Years ago, my mother gave me a cat calendar for Christmas that was amazing. The pictures were of feral cats taken in Greece and I was entranced by the light and the composition of each month’s picture. To be honest, I’m not even sure when this started although it was before Kent and I started dating—I know this because I framed some of the photos from that first calendar and hung them in the apartment I lived in then.

I told her then that she could just give me the same thing everything for Christmas and I would be very happy. It’s hard to find cat calendars that aren’t stupidly cheesey or overly cutesy but this one was fantastic. And over the years, she’s done exactly that. I think there was one year where she couldn’t find a version, but mostly I’ve been able to hang a calendar of amazing feral cats in Greece on my wall every year.

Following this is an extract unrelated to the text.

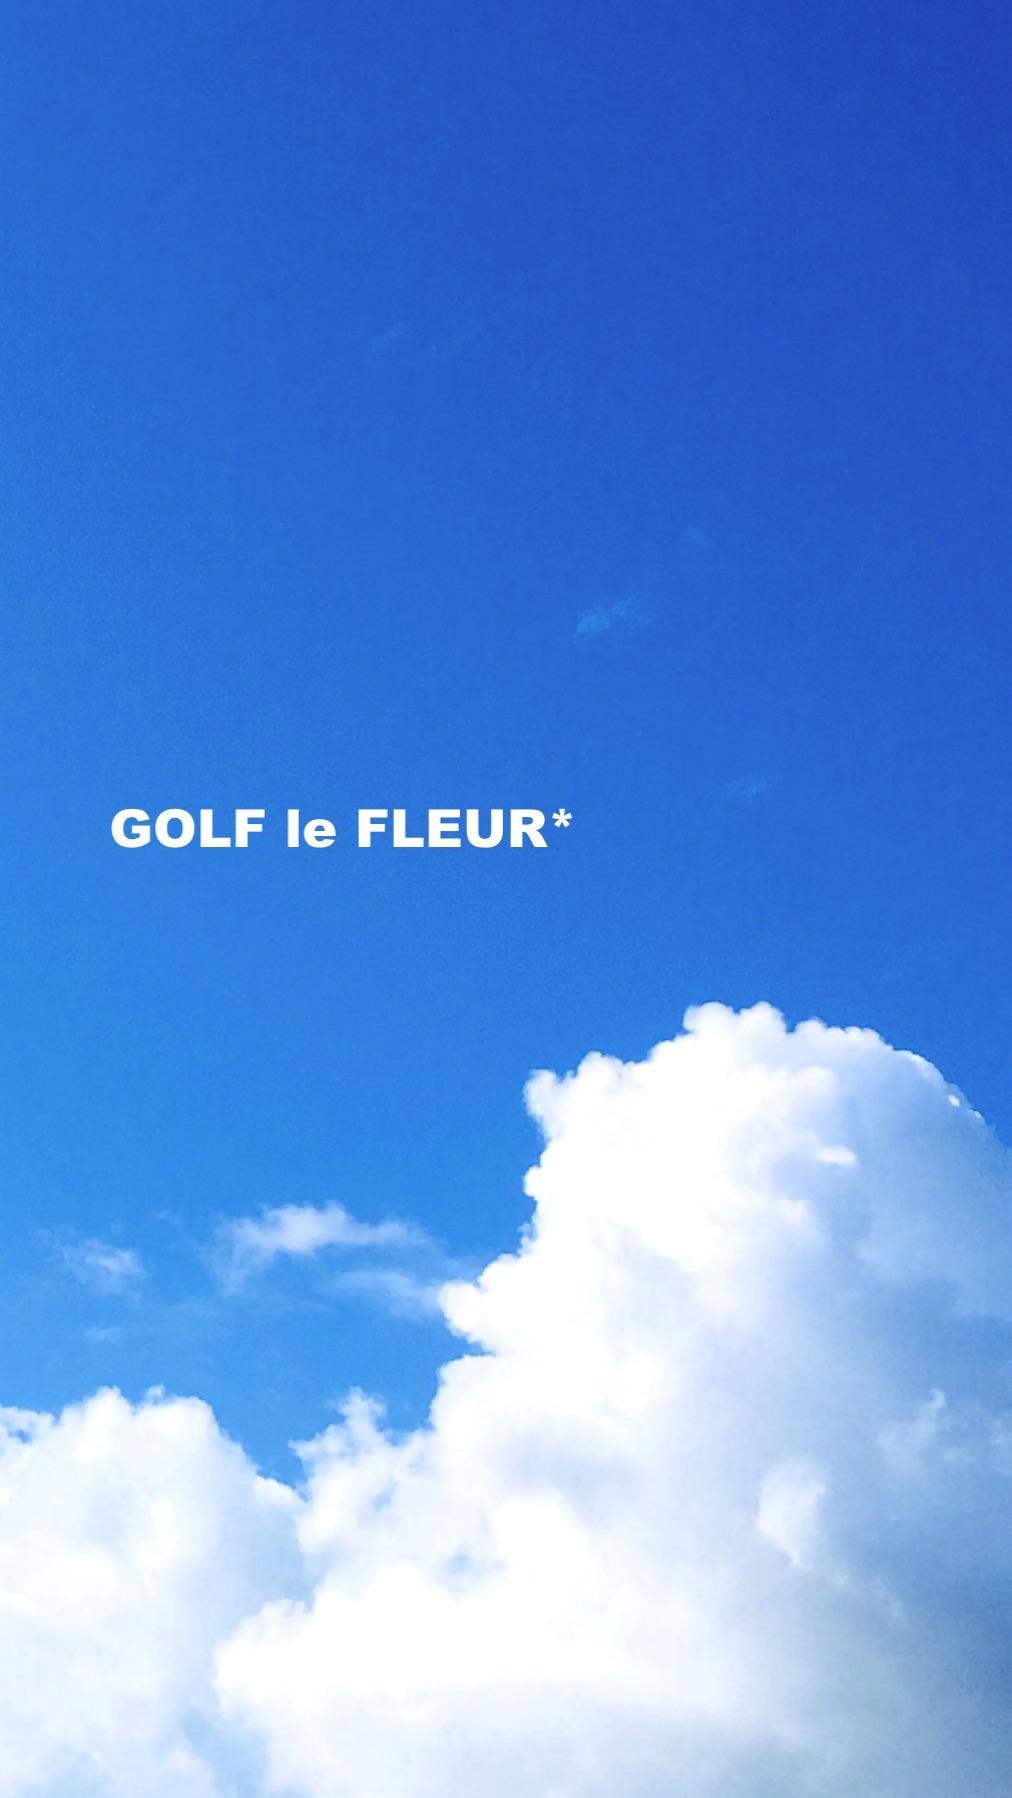 Golf Le Fleur Wallpaper Top Background

This year she told me I wouldn’t be getting one, and I’ll admit I was bummed. But what I didn’t know is that while she was in Greece, she had been taking photos of the feral cats there. And she created a calendar for me with those photos, along with some from her sister (the aunt for whom I’m named), and a friend who traveled with my folks.

I love this calendar, not only because of the photos but because of what my mom did. She told me she thought of me the whole time she was there as she was taking those photos. I think this ranks right up there with the most thoughtful and loving gift my mom’s ever given me.